Keep models warm (RAM) or warm-ish (PVC) to reduce cold start time.

Caching

FlexInfer supports caching at two layers:

  • Artifact caching: model weights are present locally (disk or RAM)
  • Runtime warmup: backend is already running and ready to serve

v1alpha2 cache strategies

Model.spec.cache.strategy:

  • Memory: fastest reloads; uses RAM (best for homelabs)
  • SharedPVC: persistent storage shared across nodes (slower than RAM, but durable)
  • None: always download/prepare on demand (slowest)
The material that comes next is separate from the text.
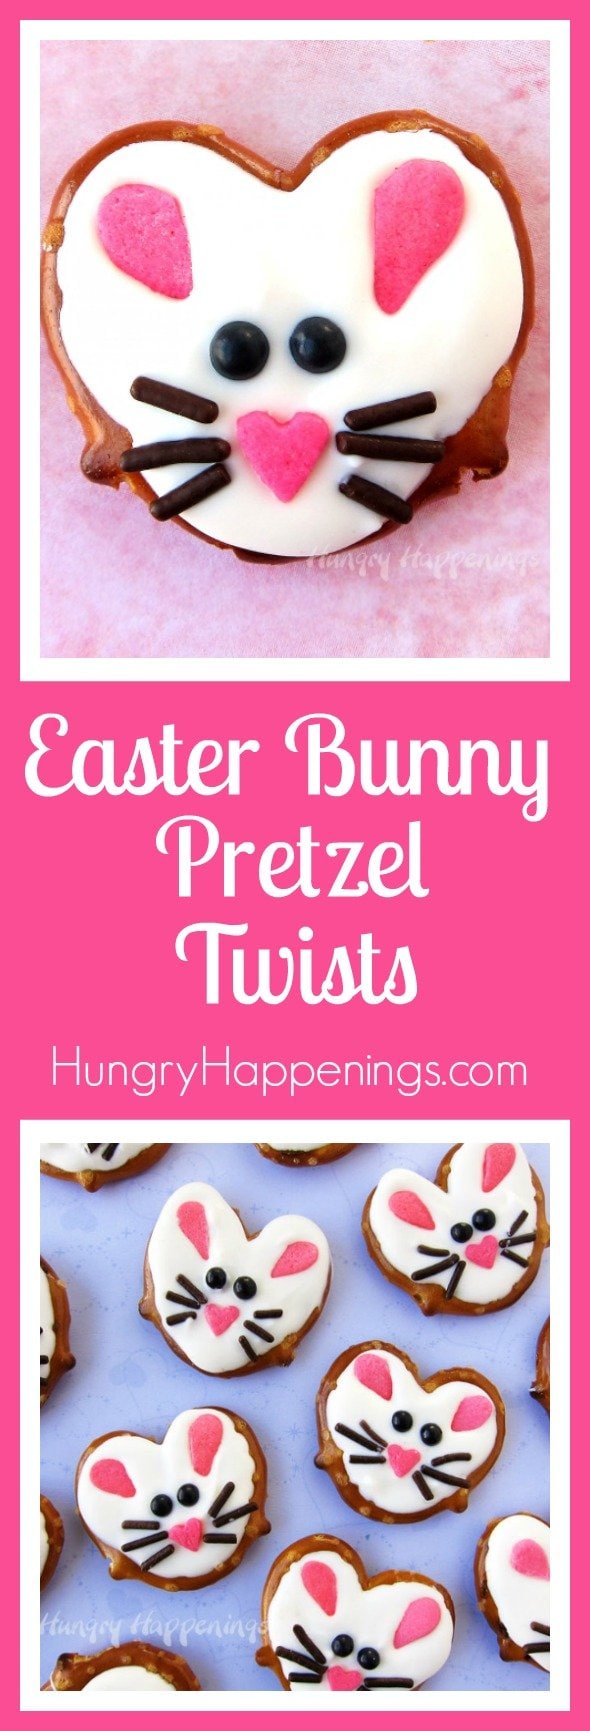 These salty and sweet Easter Bunny Pretzel Twists are so darn cute and easy to make using heart shapes sprinkles, chocolate jimmies, and black candy pearls. These cute treats are perfect basket fillers! Stop by HungryHappenings.com to watch the video tutorial.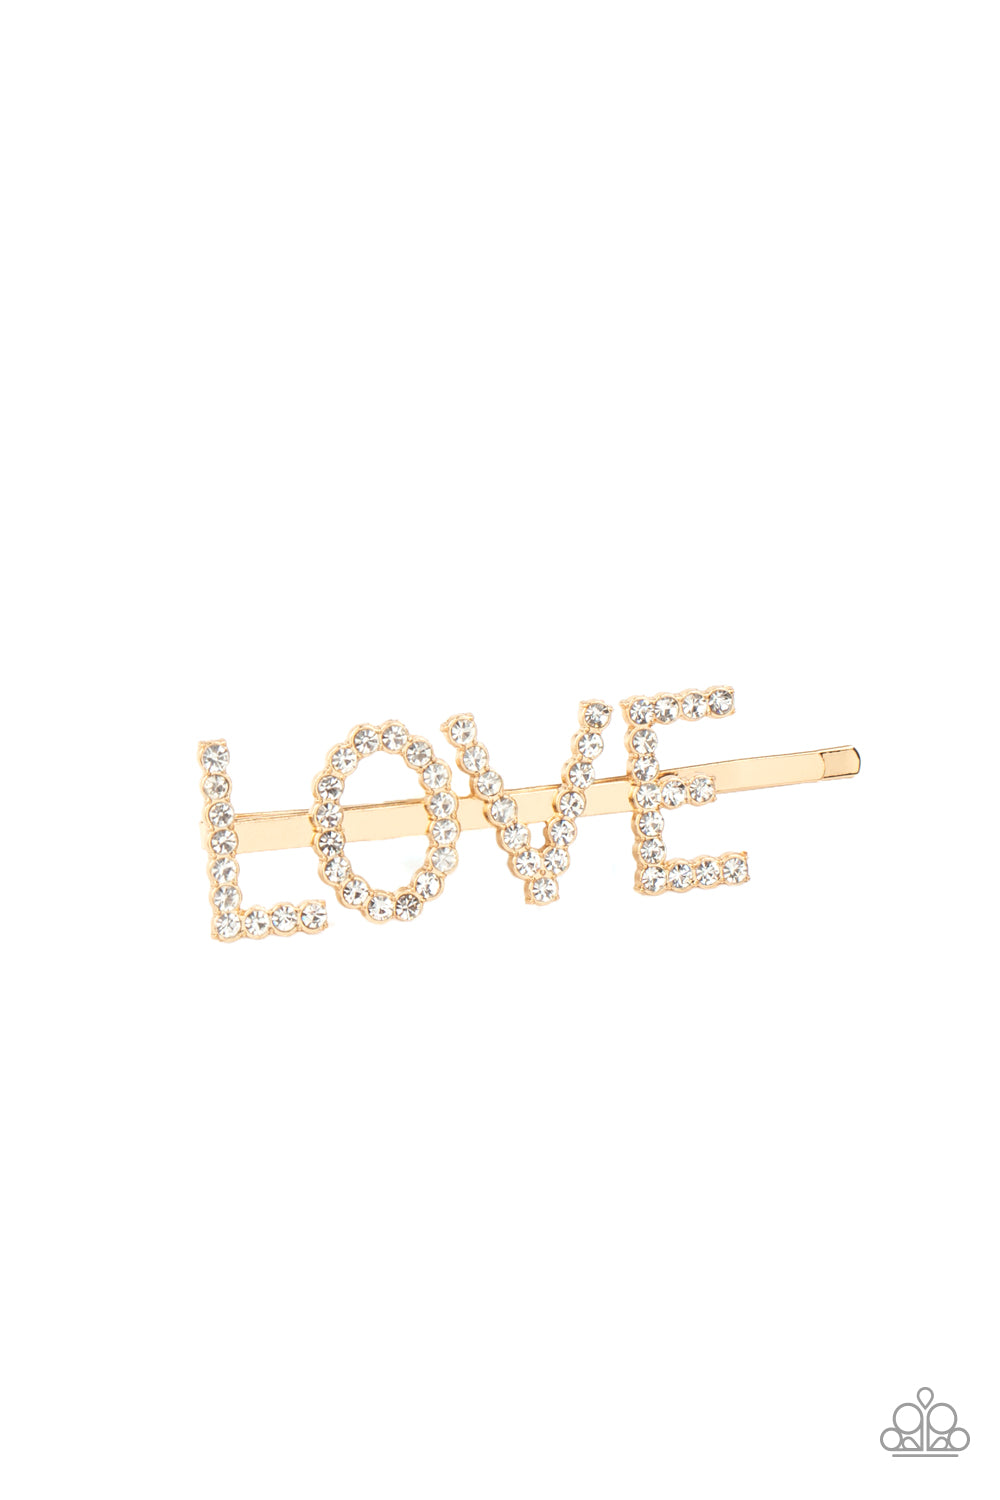 Paparazzi Accessories All You Need Is Love - Gold Hair Clips

If spec.cache is omitted, FlexInfer infers a strategy based on GPU sharing.

v1alpha1 ModelCache

ModelCache lets you pre-download (and optionally pre-warm) a model artifact.

Common pattern:

  • Create a ModelCache (SharedPVC or Memory)
  • Reference it from ModelDeployment.spec.modelCacheRef

Examples:

  • services/flexinfer/examples/ram-cached-models.yaml
  • docs/DEVELOPMENT.md (MLC-LLM caching example)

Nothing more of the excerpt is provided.